Wednesday, 25 July 2012

The Mathematics Of IVF Disappointment


Sometimes, when you have put your emotional all into something it still doesn’t work, your last ditch effort still doesn’t fix it. Sometimes things just aren’t meant to be, even when they should be.  

22 Eggs, 19 mature, 13 fertilized, 8 made it to day 3, 6 made it to day 5, One fresh embryo transferred only two suitable left to freeze.

 3 out of 22.

You can’t help but be disappointed; you can’t help but wonder why?

As much as you don’t think you will be emotionally attached as a donor aunty until there is something physically there to see and be attached to, as much as they tell you they can’t promise anything and you say you understand, nothing prepares you for all the what if’s, all the maybe’s and that in the end all you are left with is a bunch of statistics and numbers that steadily decrease along with your hope.

Three.

3 chances:  1 in 3 pregnancies end in miscarriage

Two.

2 chances: Will it even stick? The Fertility Specialists say 50% chance.

One.

1 chance out of 22

I have never been good at maths but I don’t like those odds.

I should be looking on the glass is half full side – 3 chances or even 1 chance is better than none. But it’s really hard to do that when they said my eggs were good, they said BILs sperm was good, so why?

Seven.

Seven more days until we find out if it has worked, find out if she is pregnant.

Tuesday, 17 July 2012

Well, that’s that then.


After two full on weeks and months of preparation, it’s all over.
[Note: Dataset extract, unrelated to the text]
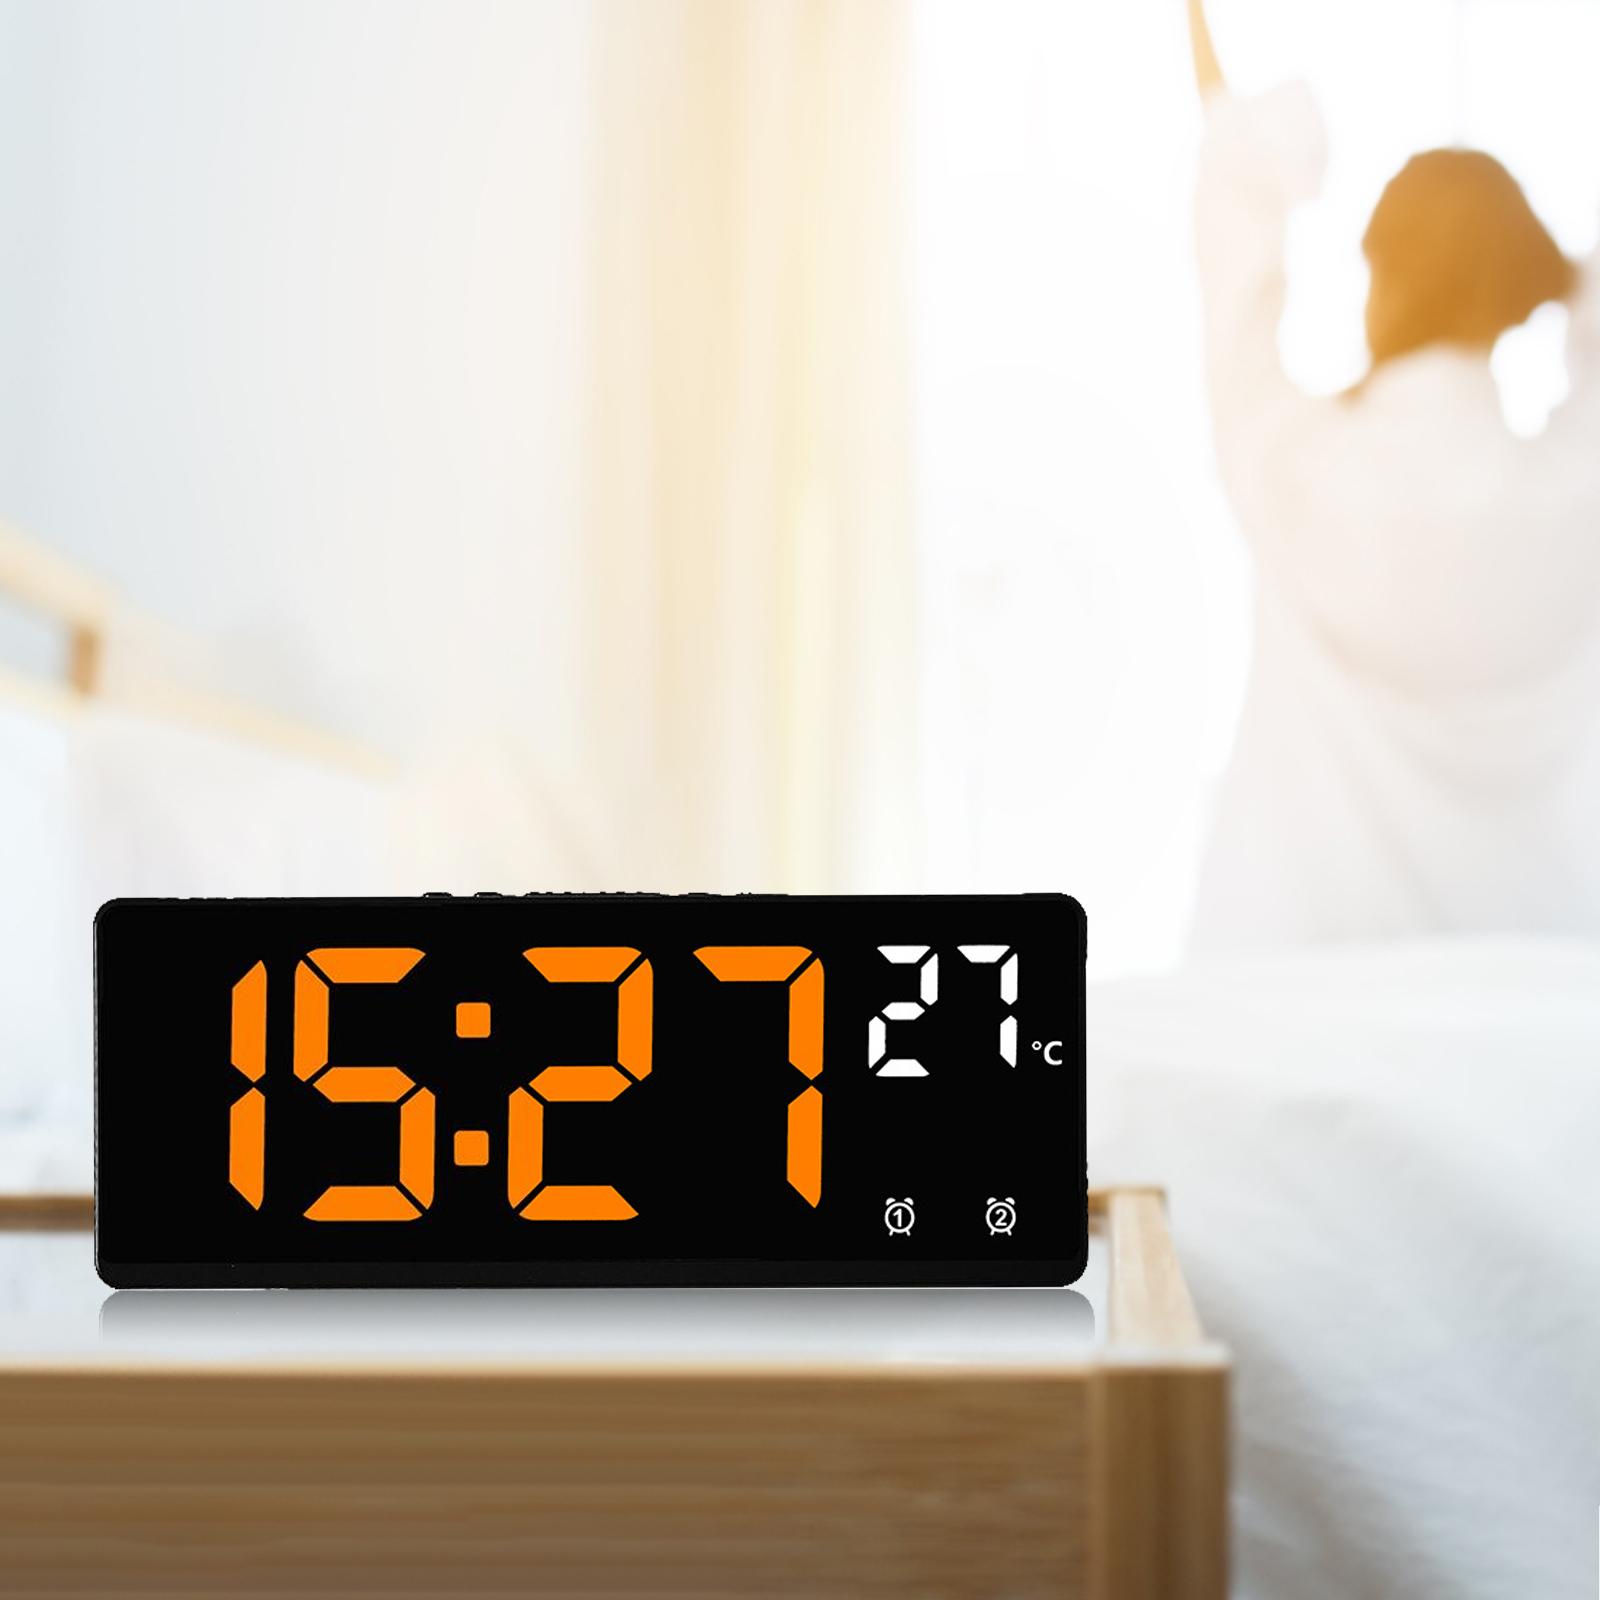 Digital Alarm Clock Simple Dimmable Large Display for Office Bedroom Orange Numbers

Kind of anti climatic, so much work up and then all of a sudden my part is done. Finished.

Yesterday around 8am SIL, BIL and I pushed open the double glass doors of the fertility clinic for Egg Pick Up (EPU), it was a surreal feeling -this was make or break time.
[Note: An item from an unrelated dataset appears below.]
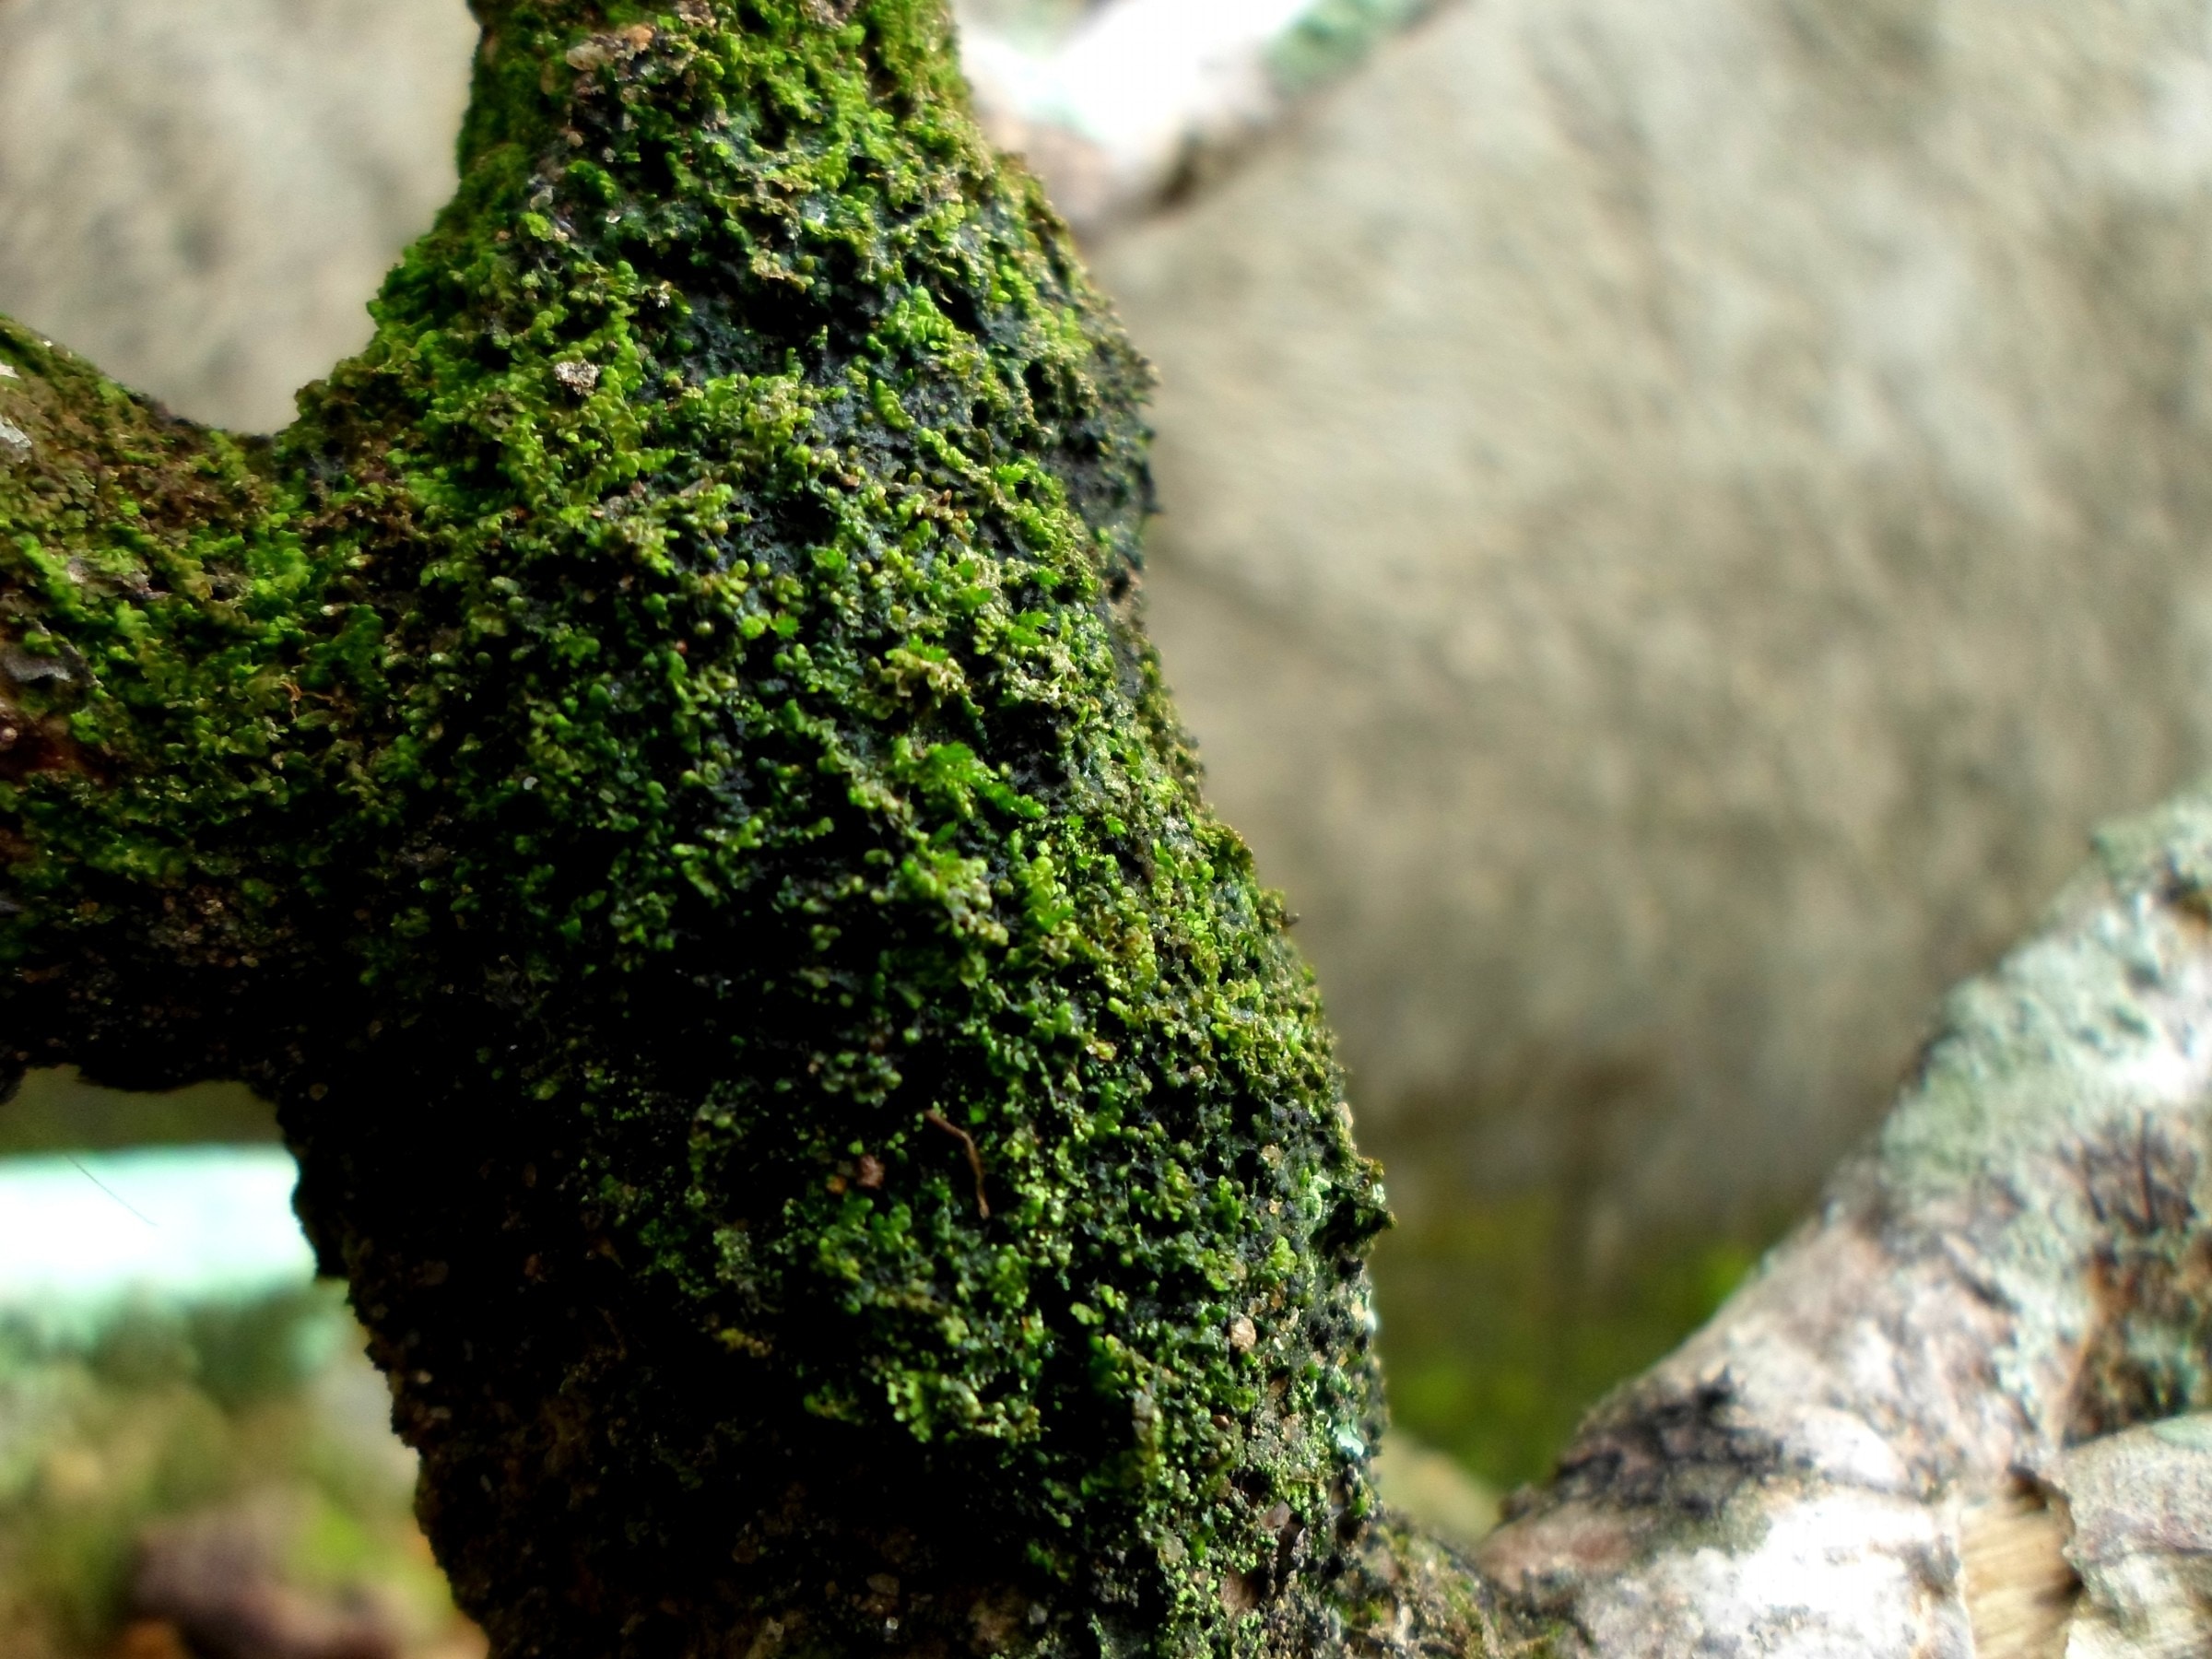 green moss on wood

The lovely receptionist ushered us through a door and into a little area with a few lockers, a bench seat and doorways leading off from it marked ‘theatre’ and ‘ultrasound’, she indicated towards a third door marked ‘change room’ and gave me a warm smile.

Everything off and then everything on said the receptionist as she pointed to a little blue basket with sexy looking gown, robe, hat and booties in it.
Gorgeous Huh?

After I was all gowned up, they took us through to the recovery area with a couch and hospital bed where we would wait for my turn on the table. We joked nervously with each other for a while taking happy snaps of the three of us together which we could later present to any offspring on their 21st birthdays as the day of their conception.

We had a brief scare when we asked the fertility specialist if it was ok that I was not bloated at all that morning when the previous day I had looked 4 months pregnant not really thinking much of it – the concerned look on her face was quickly covered up by a rather fake looking smile as she said I’m sure its fine and rushed me back into the door marked ‘ultrasound’ where they checked to make sure I hadn’t ovulated earlier than expected – ‘it’s very rare’ she reassured me, ‘but its better we find out now than when we get into theatre...’

Luckily, I’m just a freak and the follicles were all still there panic averted we went back into the recovery/waiting area, briefly saw the embryologist who looked younger than me and the anaesthetist an older man who bore a striking resemblance to Dr Mike from All Saints, then the nurse called me into theatre.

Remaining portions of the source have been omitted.